Ждали Мустафу Кулиева. Тем временем Лукьяненко, знавший Султанова и Вуниатзаде по Баку, когда он работал токарем на нефтеперегонном заводе, а еще больше и ближе – по Астрахани, расспрашивал их о Кирове, Нариманове и других общих знакомых, а те в свою очередь хотели больше узнать о положении дел на Мугани, о тех, кто уцелел после разгрома. Султанов дал Пономареву несколько брошюр Нариманова "С каким лозунгом мы идем на Кавказ" и сказал, что сейчас главная задача коммунистов-подпольщиков Мугани – укреплять интернациональные связи азербайджанских и русских крестьянских масс, собирать распыленные силы, возрождать партийные ячейки и вооружать, вооружать и еще раз вооружать людей.

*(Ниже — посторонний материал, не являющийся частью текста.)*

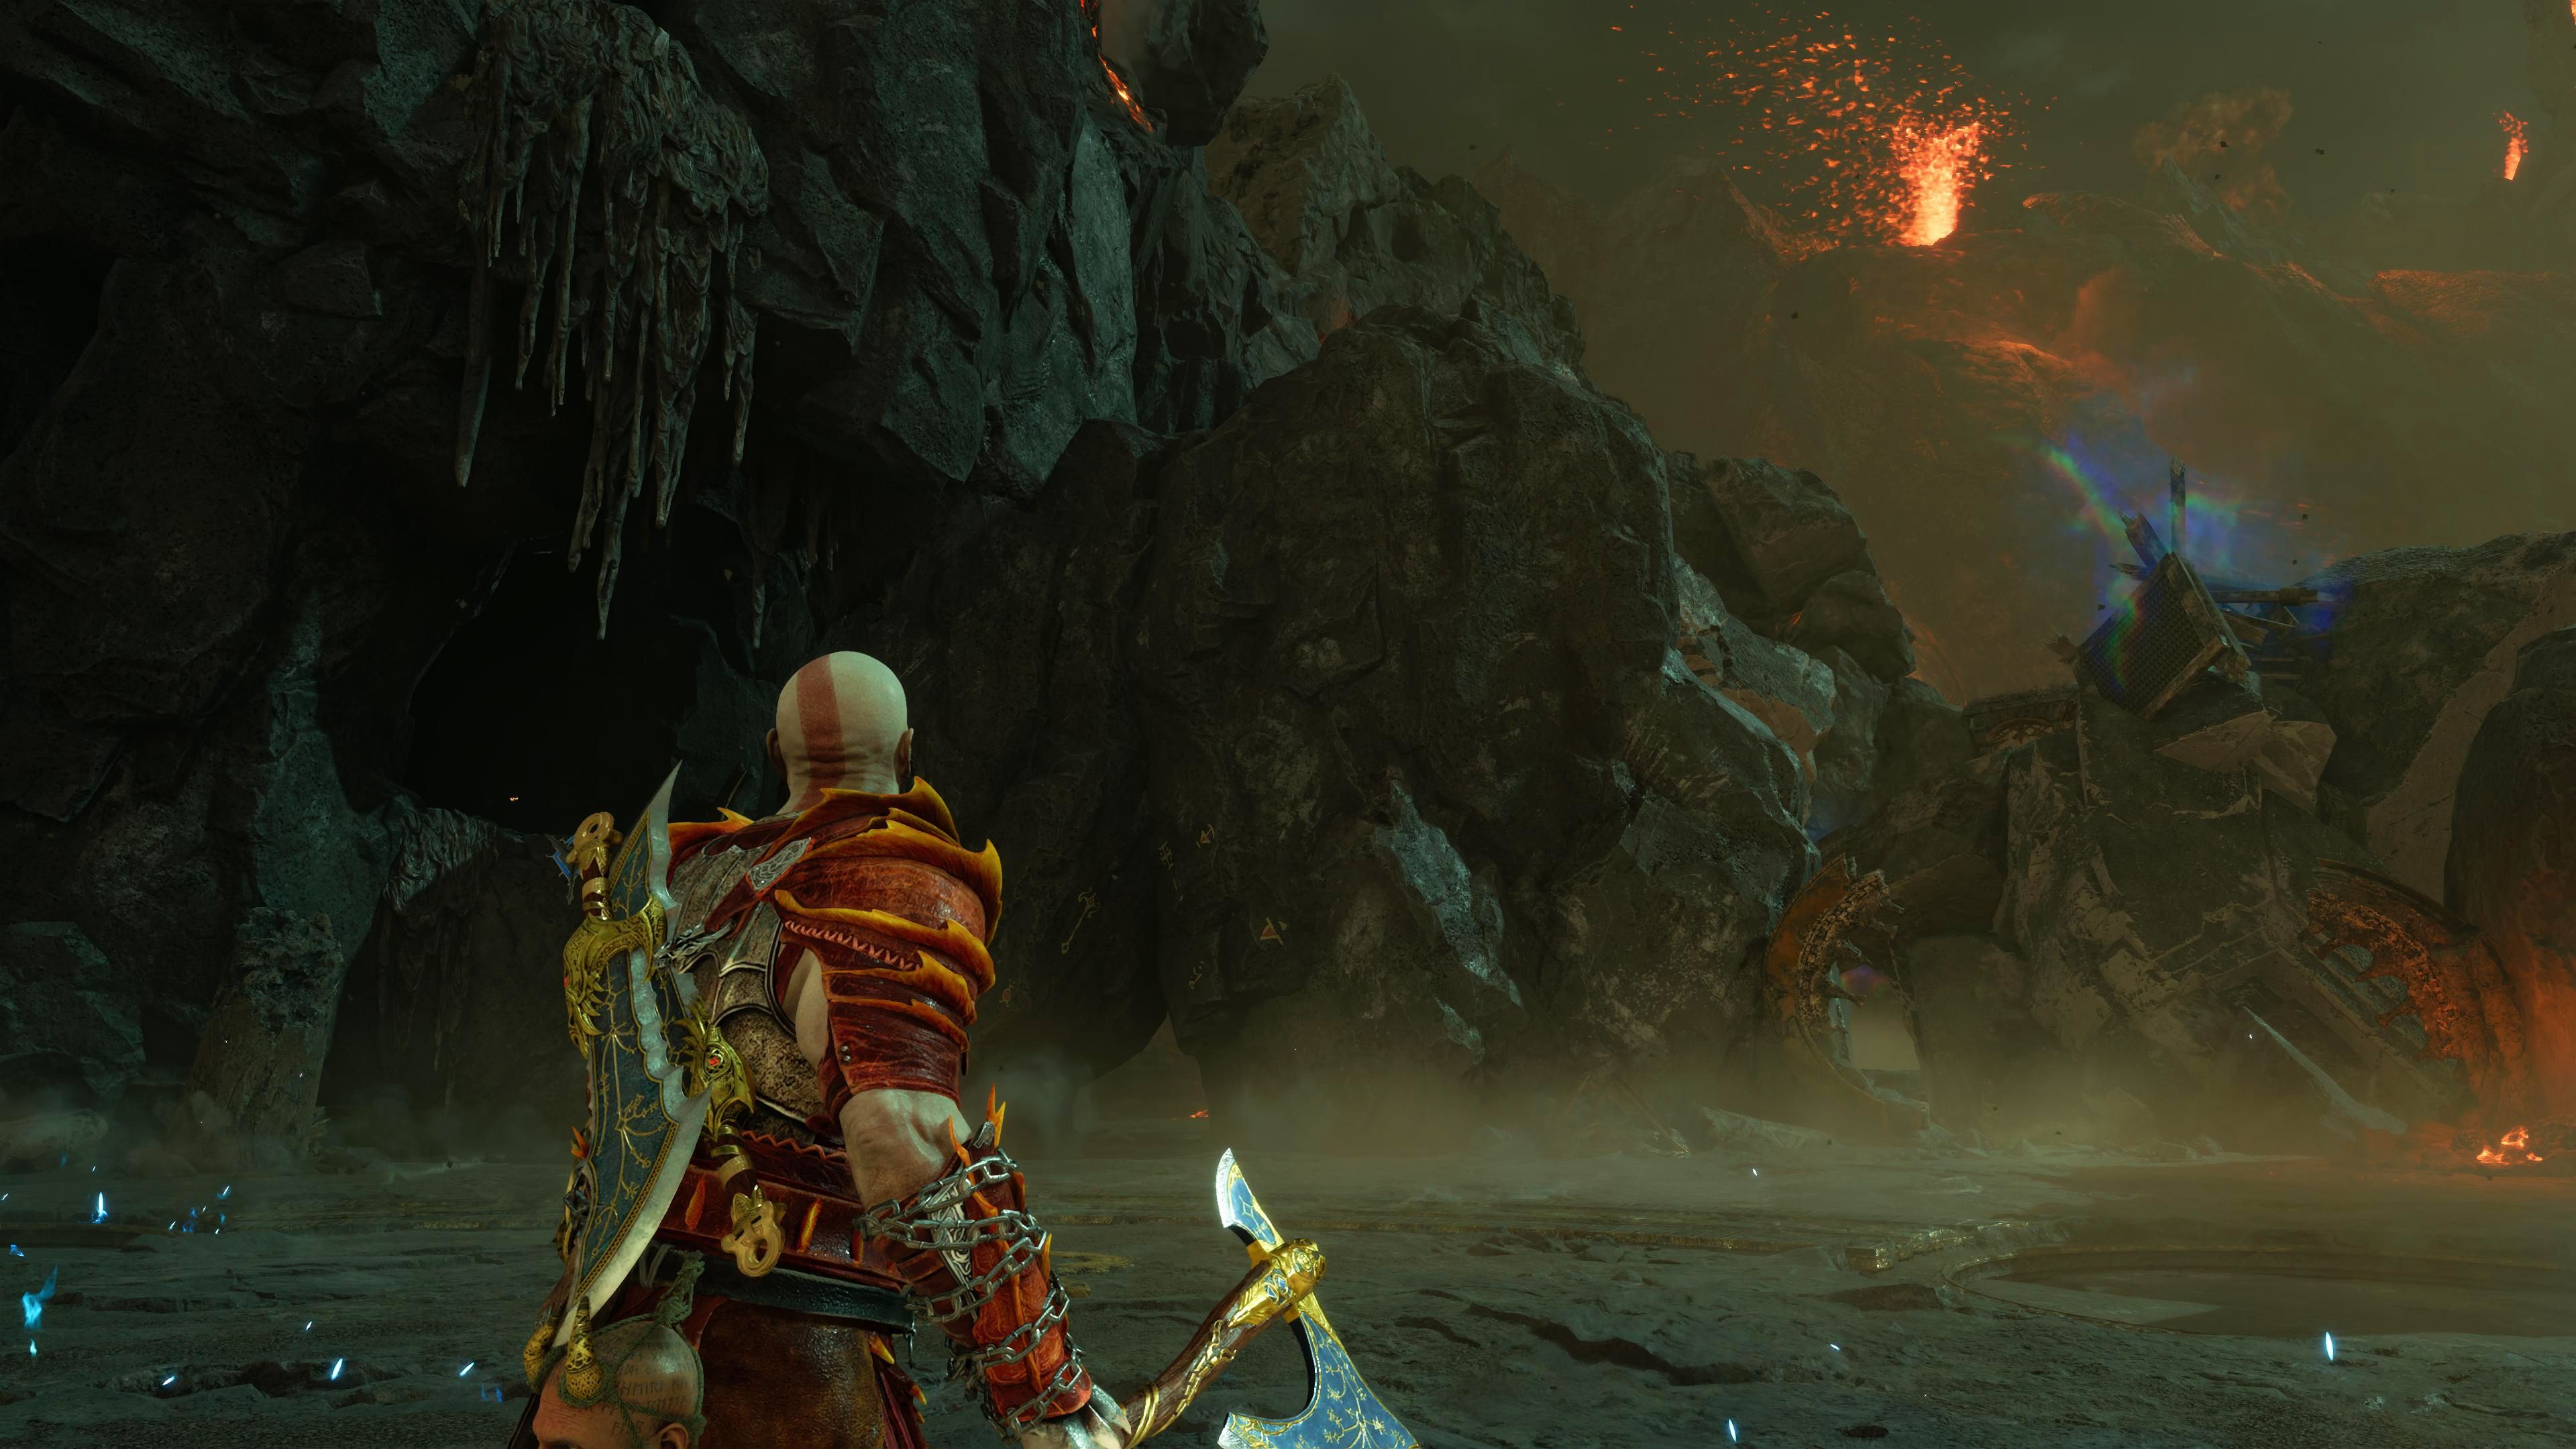 God of War Ragnarök Kratos Looking At Valkyrie Queen Gna Boss Battle Area Entrance In Muspelheim

Вскоре пришел Мустафа Кулиев. В белой рубахе апаш он казался моложе своих двадцати семи лет, хотя носил длинные усы, сросшиеся с ассирийской бородкой. Говорил он по-русски с украинским акцентом, мягко и певуче, иногда вставляя в свою речь украинские слова – годы учебы в Киеве не прошли бесследно. Никогда раньше Кулиев не бывал на Мугани и в Ленкорани. Но в разговоре с Пономаревым и Лукьяненко проявил такую осведомленность о географии и истории уезда, о руководителях Муганской республики и причинах ее падения, о тех, кто сегодня работал в подполье, словно долго жил в Ленкорани и только что вернулся.

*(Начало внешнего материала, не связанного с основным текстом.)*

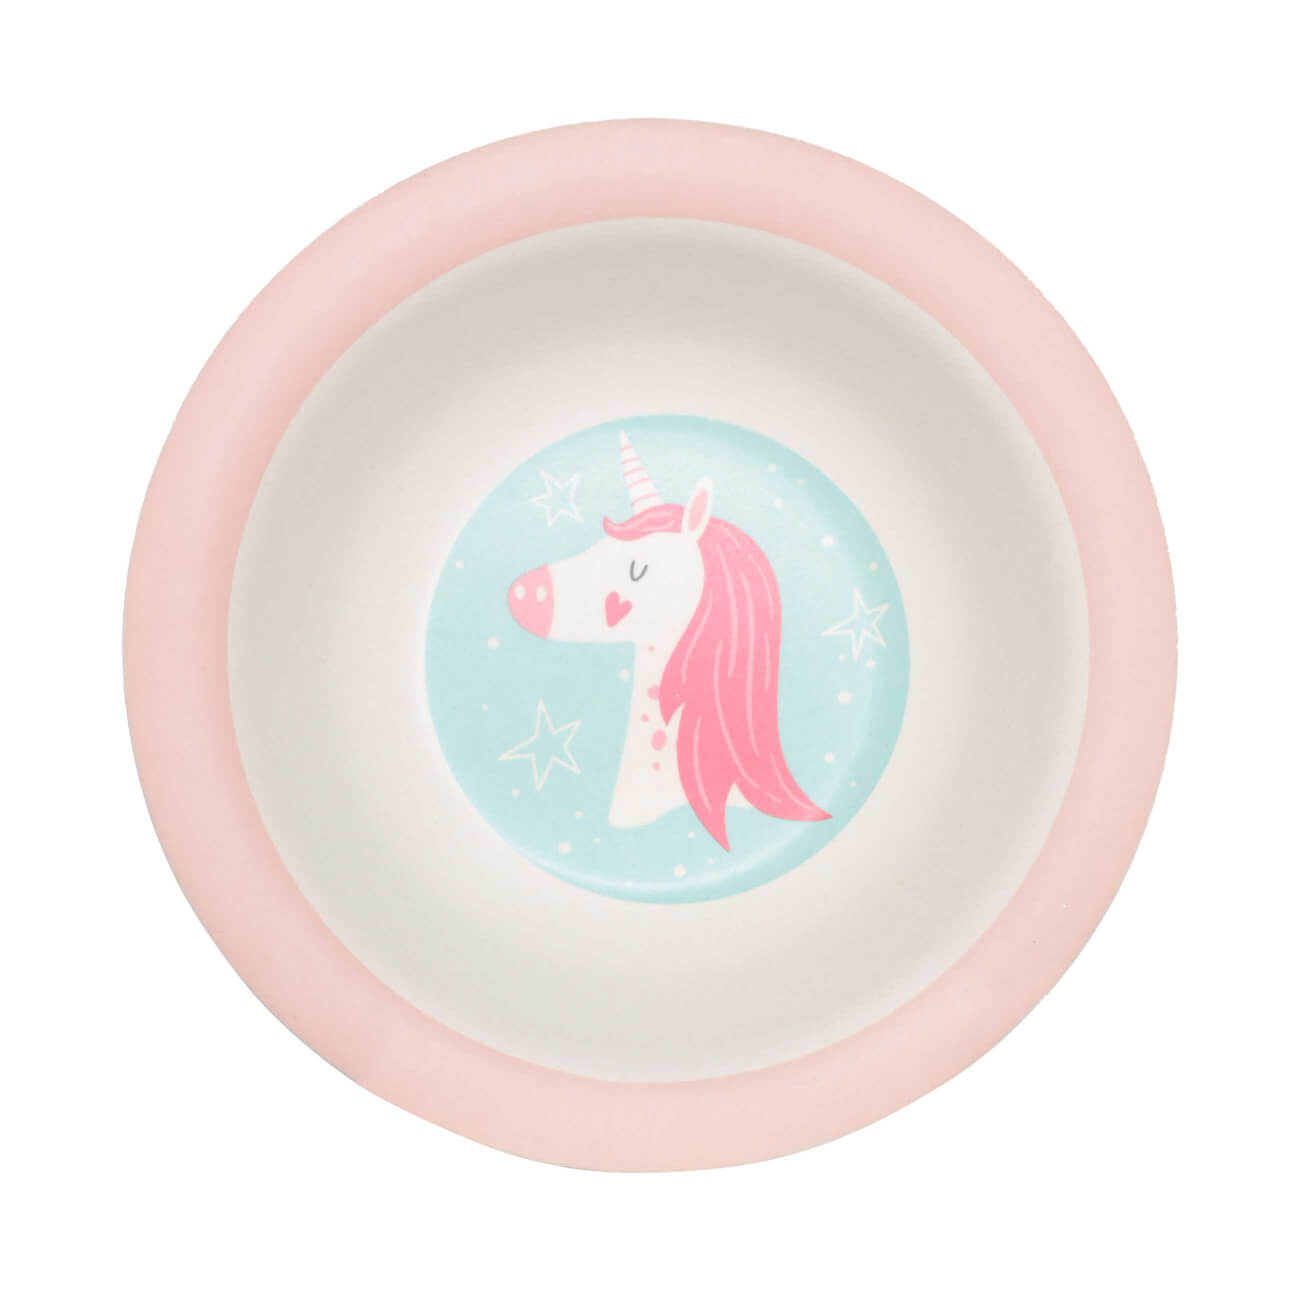 Тарелка суповая, детская, 15 см, бамбук, розово-мятная, Единорог и звезды, Unicorn тарелка суповая детская 15 см бамбук розово мятная единорог и звезды unicorn

Кулиев сообщил, что скоро приедет в Ленкорань легально, на должность фининспектора, – это даст ему возможность свободно передвигаться по всему уезду и вести нелегальную работу.

– И вы не теряйте времени зря, – сказал он Пономареву. – Дадим вам мандат парторганизатора. Начинайте с Привольного, с других сел Мугани. Пусть пламя народного гнева разгорается, як пожар!

После того как в Ленкорани водворились мусаватские правители во главе с генерал-губернатором, Мамедхан стал полновластным хозяином всей Ленкоранской низменности, от Талышских гор до Каспийского моря. Жил он в своем поместье в селе Герматук, но часто, велев оседлать копя, скакал во главе банды то в одно, то в другое село, чтобы держать людей в страхе и повиновении. Бандиты пороли селян, устраивали сущий погром.

В тот день банда Мамедхаиа возвращалась на села Шахагач после очередного погрома. Впереди всадников, растянувшихся по лесной дороге, ехали Мамедхан в белой чохе и Джамалбек, поигрывавший красной тростью-талисманом. Бандиты, привязавшие к седлу награбленное добро, бодренько распевали песенку "Тюрк оглуям мен…". Вдруг кто-то спрыгнул с дерева на дорогу прямо перед конями и в упор выстрелил в Джамалбека. Тот взмахнул красной тростью и мешком свалился с седла. В ту же минуту лес огласился винтовочными залпами. Оказавшись в огненном кольце, бандиты заметались, давили друг друга, палили наугад. Ошалевшие кони вставали на дыбы, топтали упавших. Мамедхан в этой мешанине кричал, приказывал занять круговую оборону. Но головорезы не слушали своего предводителя.

Выбрав момент, Салман прыгнул с дерева на Мамед-хана, повалился вместе с ним на землю и стал яростно бить его кулаками по затылку. На помощь Салману пришли Сергей и адъютант командира Азиз, они вместе связали руки Мамедхану.

Когда бандиты увидели, что сопротивление бесполезно, они побросали карабины, повалились на колени, запросили пощады.

Пленных привели в село, усадили на площади, заставив положить руки на голову. Вокруг них столпились сельчане.

Ширали Ахундов вскочил на пень "святого" дерева Шахнисы и высоко поднял саблю Мамедхана.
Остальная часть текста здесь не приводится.